Наташа и Ветка сидят уже на скамеечке возле пустого белого лотка, за которым никто не продает пирожков, молодая женщина в пестрой косынке катит навстречу солнцу белую коляску, словно пытается нагнать его по ту сторону неба и согреть алыми лучами, оживить своего мертворожденного, кленовые листья стремятся под скамеечку вслед за течением, как водяные цветы. Обезьяна уходит искать себе сигарет в обезлюдевших аллеях, а Люба садится рядом и кладет свою сумку Наташе на колени, прохладное небо дышит своим мертвенным огнем ей в лицо.
— Устала? — спрашивает Наташа, беря Любину руку своими теплыми пальцами.

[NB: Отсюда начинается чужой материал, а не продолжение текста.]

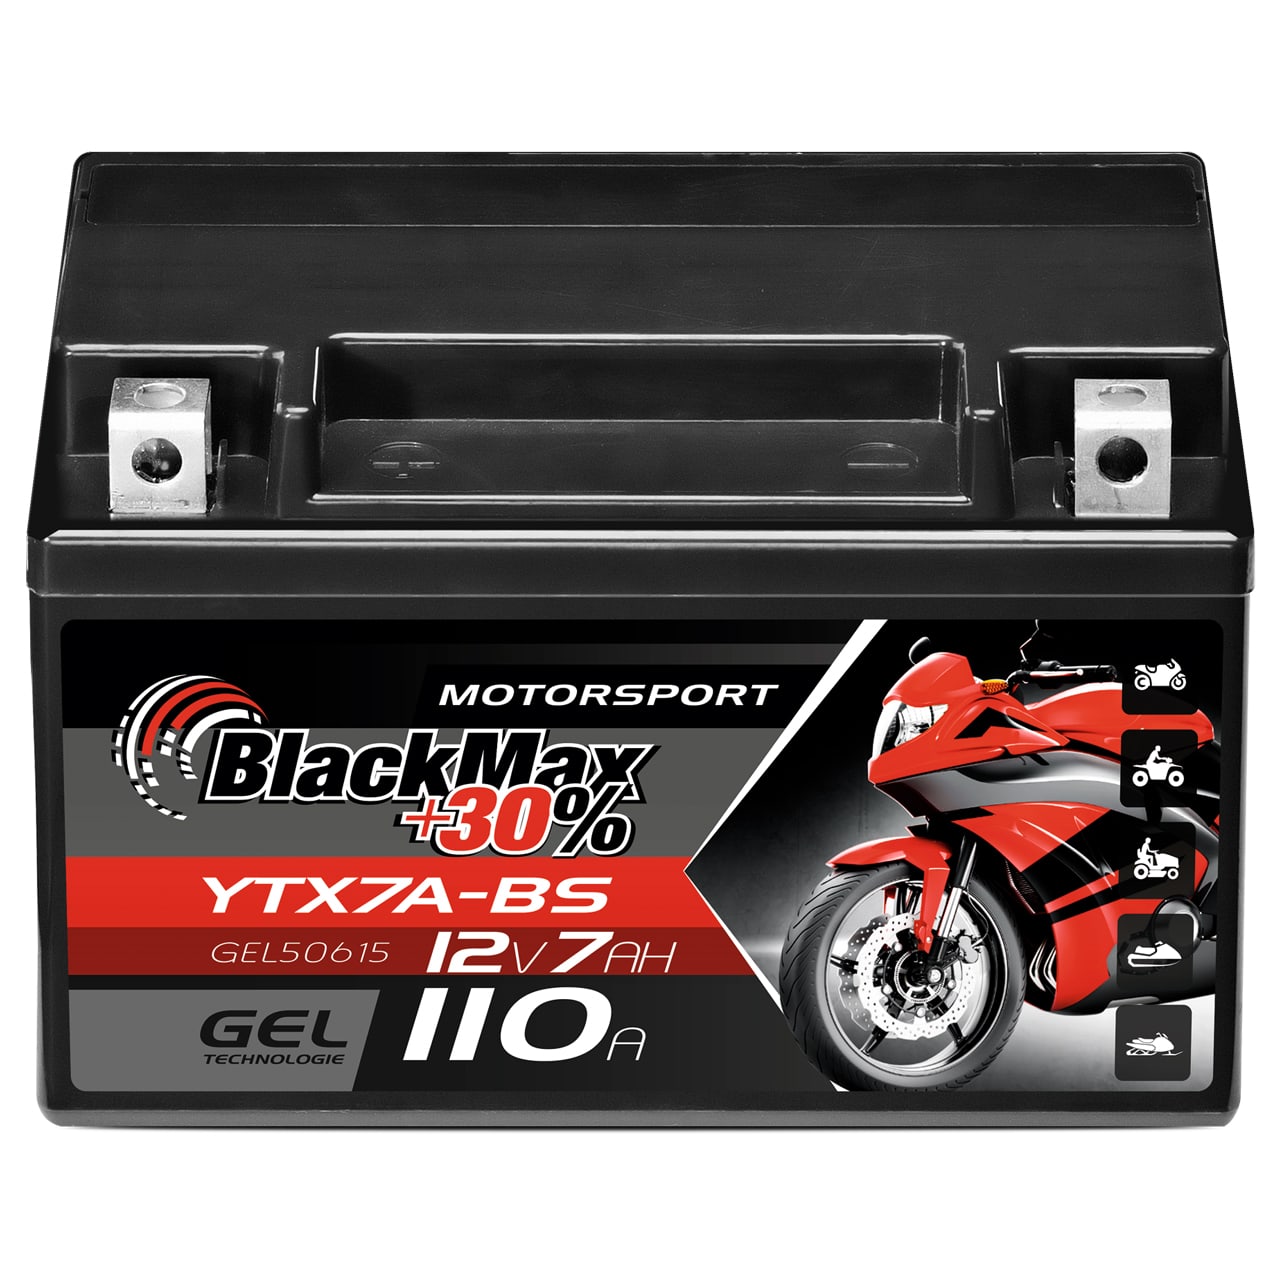 BlackMax YTX7A-BS Motorradbatterie GEL 12V 7Ah CTX7A-BS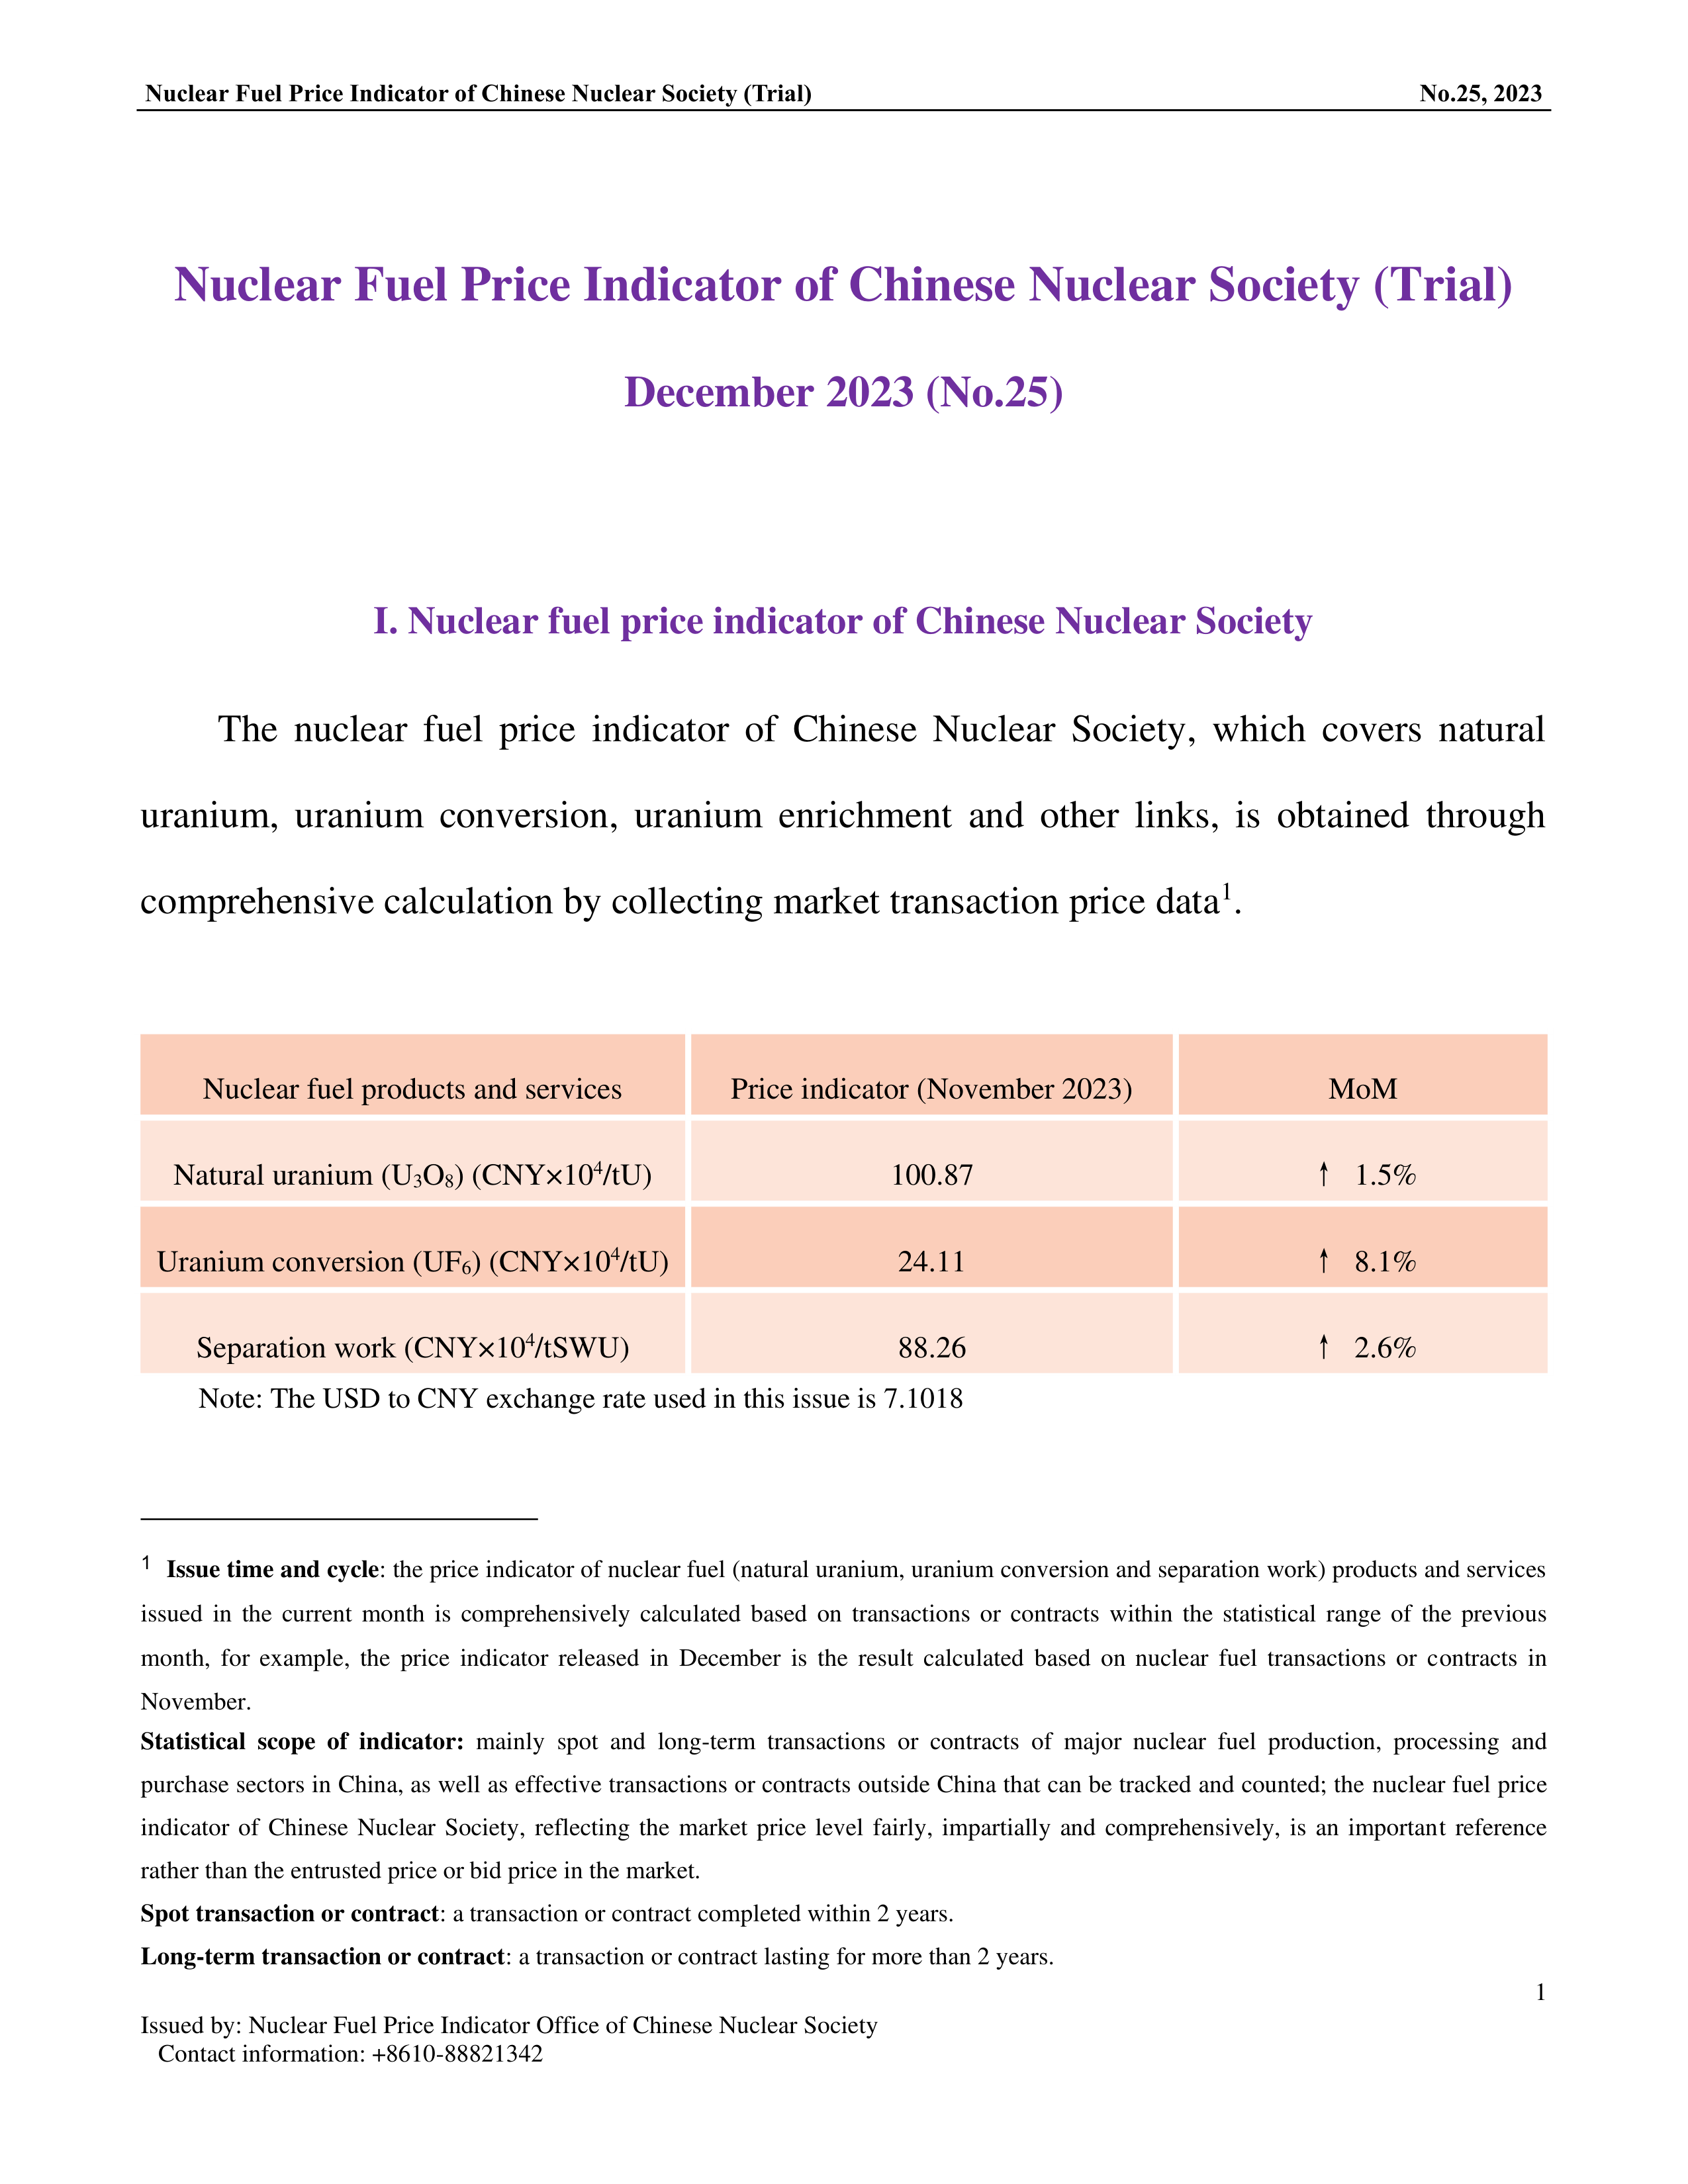 中国核学会核燃料价格指数(试运行)（2023年12月,总第25期）_EN-1.png

— Я встретила ее там, — холодно произносит Люба. — Я с ней в лифте ехала. Она остановила время и, пока оно не шло, она сделала со мной… Я не хочу больше жить, — Люба снова ощутила приближение волны слез. — Она сделала со мной… — она резко поворачивается к Наташе, встречая ее широко раскрытые серые глаза. — Ты знала, что так будет!
Наташа отрицательно взматывает головой, в глазах ее тоже сверкают слезы.
— Прости, — тихо говорит она. Губы ее дрожат. — Ведь это было не сейчас.
— Я знаю, — Люба опускает голову и закрывается руками. Ее овсяные волосы свешиваются поверх пальцев. — Наташа, скажи: это больно — умереть? Мне так страшно, так страшно.
— Не надо, — Наташа обнимает Любу за плечи и прижимается лицом к ее волосам. — Пожалуйста. У меня совсем никого нет, кроме тебя. Мама… ты видела ее? Она мертва. Она уже давно мертва, еще прежде чем все… Ну я знаю, что тебе больно, плохо, но… с этим можно покончить, ты мне веришь, Любка?
— Нет. С этим нельзя покончить. Никогда, — спина Любы дрожит. — Мне кажется, это было раньше, чем я родилась.
— Пусть. Но это можно убить.
— Что?
— На краю бездны это можно убить, я точно знаю.
— На краю чего?
— Бездны. Не спрашивай меня, где это. Но мы найдем. Ты слышишь, Любка? Что может помешать нам, если проклятие хуже самой смерти?
Люба чует колючую полоску сигаретного дыма, это значит, что Обезьяна вернулась и села рядом. Выпрямившись, Люба убирает руки от лица, стараясь придать ему неподвижность. Но нижняя губа все равно бесконтрольно подергивается.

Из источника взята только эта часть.